Intervention de Amélie de Montchalin

Réunion du lundi 4 juin 2018 à 21h30
Commission des finances, de l'économie générale et du contrôle budgétaire

Photo issue du site de l'Assemblée nationale ou de WikipediaAmélie de Montchalin, rapporteure spéciale pour les crédits de la recherche :

La France occupe la cinquième place mondiale pour la dépense de recherche publique en 2015 avec 0,86 % du PIB en intégrant la recherche et développement (R&D) en défense, ce qui place notre pays au-dessus de la moyenne de l'Organisation de coopération et de développement économiques (OCDE), mais bien en deçà des pays leaders et de l'objectif du traité de Lisbonne, qui prévoyait de consacrer 1 % du PIB à l'investissement public pour la recherche.

Depuis 2016, on observe toutefois une nette progression des crédits de la mission interministérielle Recherche et enseignement supérieur (MIRES), qui porte l'essentiel des financements de la recherche publique.
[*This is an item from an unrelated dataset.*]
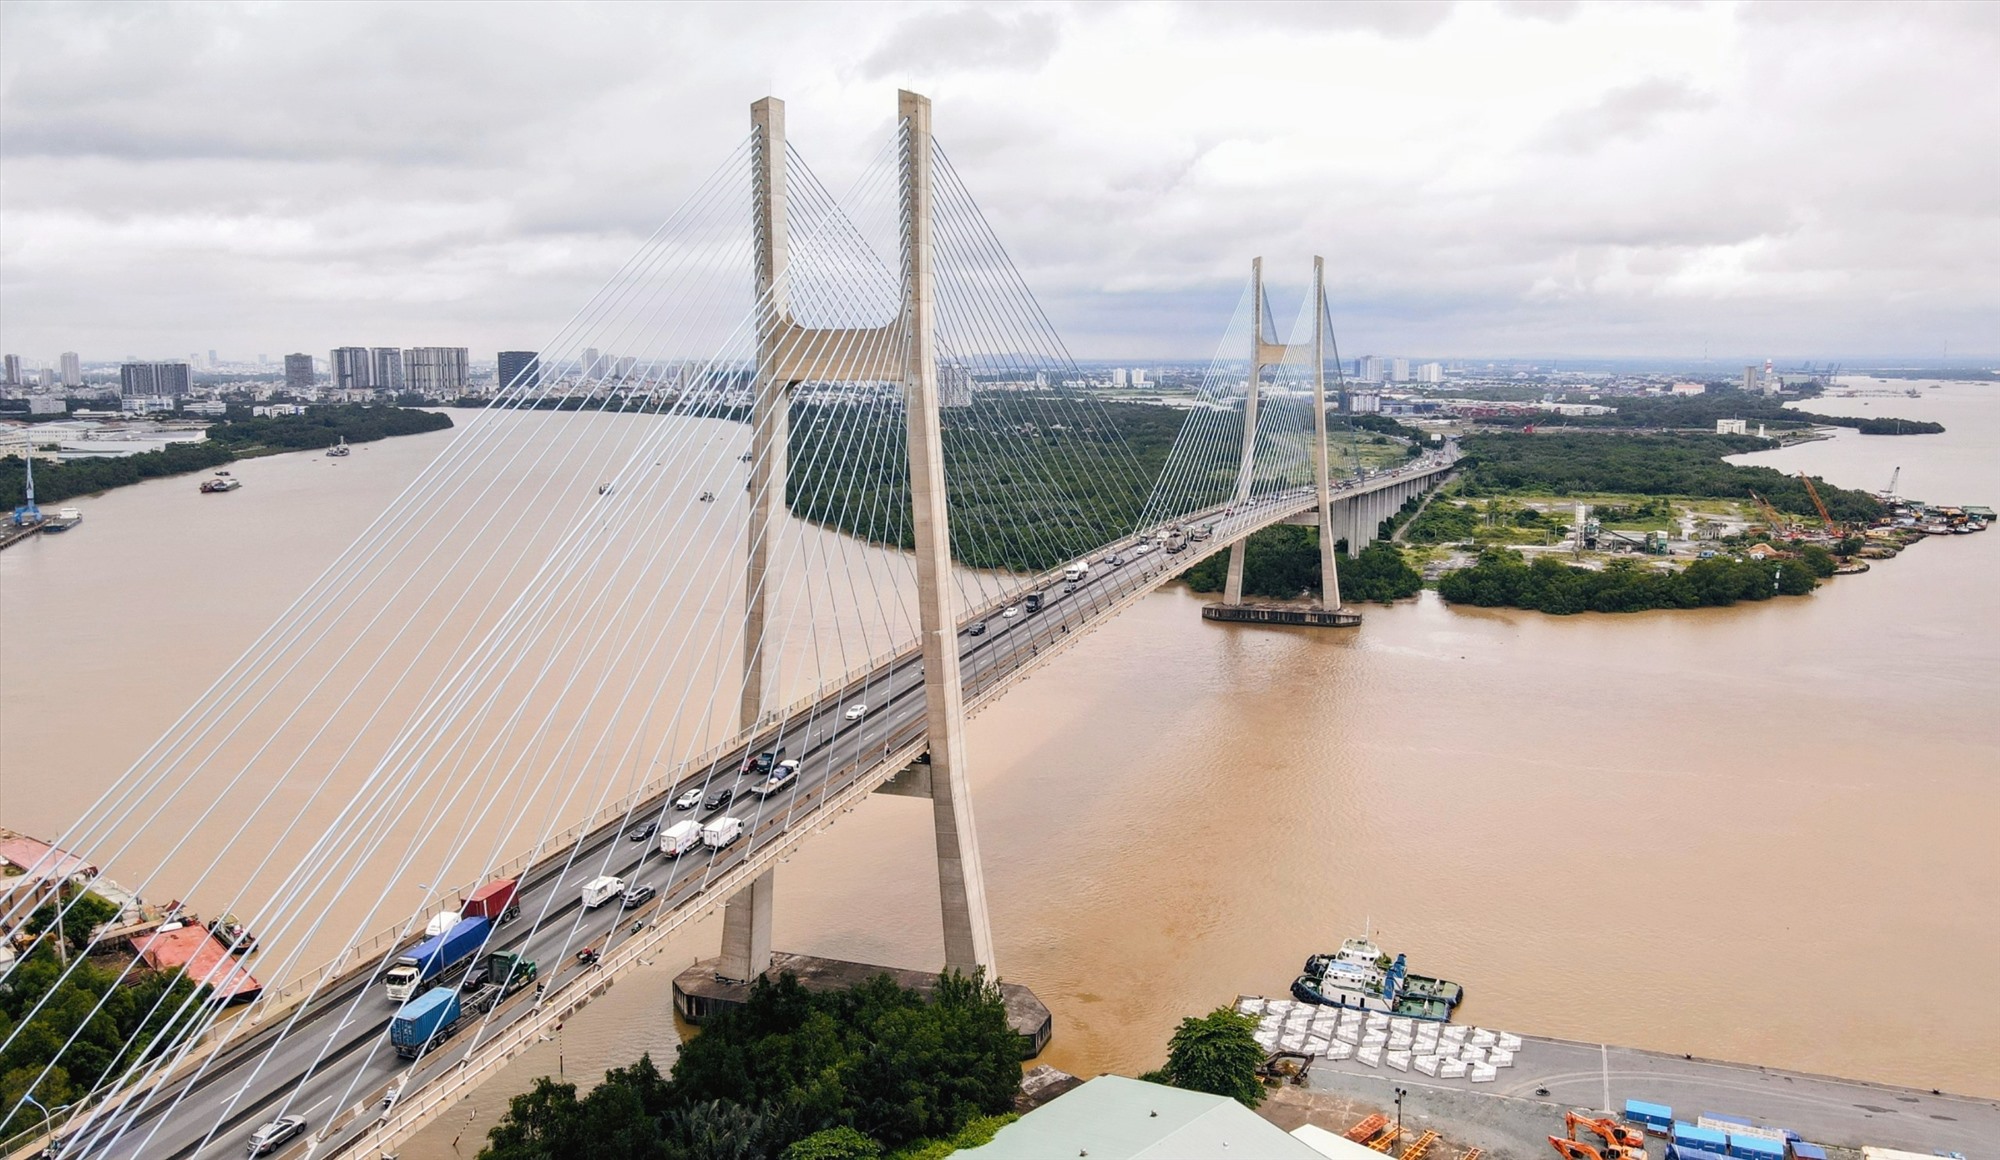 Cầu Phú Mỹ nằm trên tuyến đường vành đai 2 TPHCM, đây là cây cầu dây văng lớn nhất TPHCM có 6 làn xe, kết nối Khu đô thị mới Thủ Thiêm (TP Thủ Đức) và Khu đô thị Phú Mỹ Hưng (Quận 7).

Je tiens ici à saluer cet effort, car il place enfin le budget de la recherche au niveau stratégique qui est le sien, puisque c'est la cinquième mission budgétaire de l'État, et que ces crédits ont de nouveau été renforcés en loi de finances pour 2018, avec une augmentation de 3 % par rapport à la loi de finances initiale pour 2016.

Si l'on s'en tient aux sept programmes qui constituent la partie recherche de la MIRES, ce sont 11 milliards d'euros de crédits de paiement et 11,1 milliards d'euros d'autorisations d'engagement qui ont été activés en 2017.

Malgré ce bilan encourageant, quelques questions se posent sur une exécution qui reste perfectible, et notamment sur les sous-budgétisations qui ont concerné les organisations scientifiques internationales et les très grandes infrastructures de recherche. En 2017, leur financement semblait assuré à un meilleur niveau en loi de finances initiale, avec l'augmentation des programmes 72 et 193, mais dès le début de l'exercice, la mise en réserve effectuée a fait apparaître des impasses de près de 225 millions d'euros. Ces sous-budgétisations chroniques depuis 2013, dès le stade de la loi de finances initiale, constituent une atteinte au principe de sincérité budgétaire, dénoncée à plusieurs reprises par la Cour des comptes.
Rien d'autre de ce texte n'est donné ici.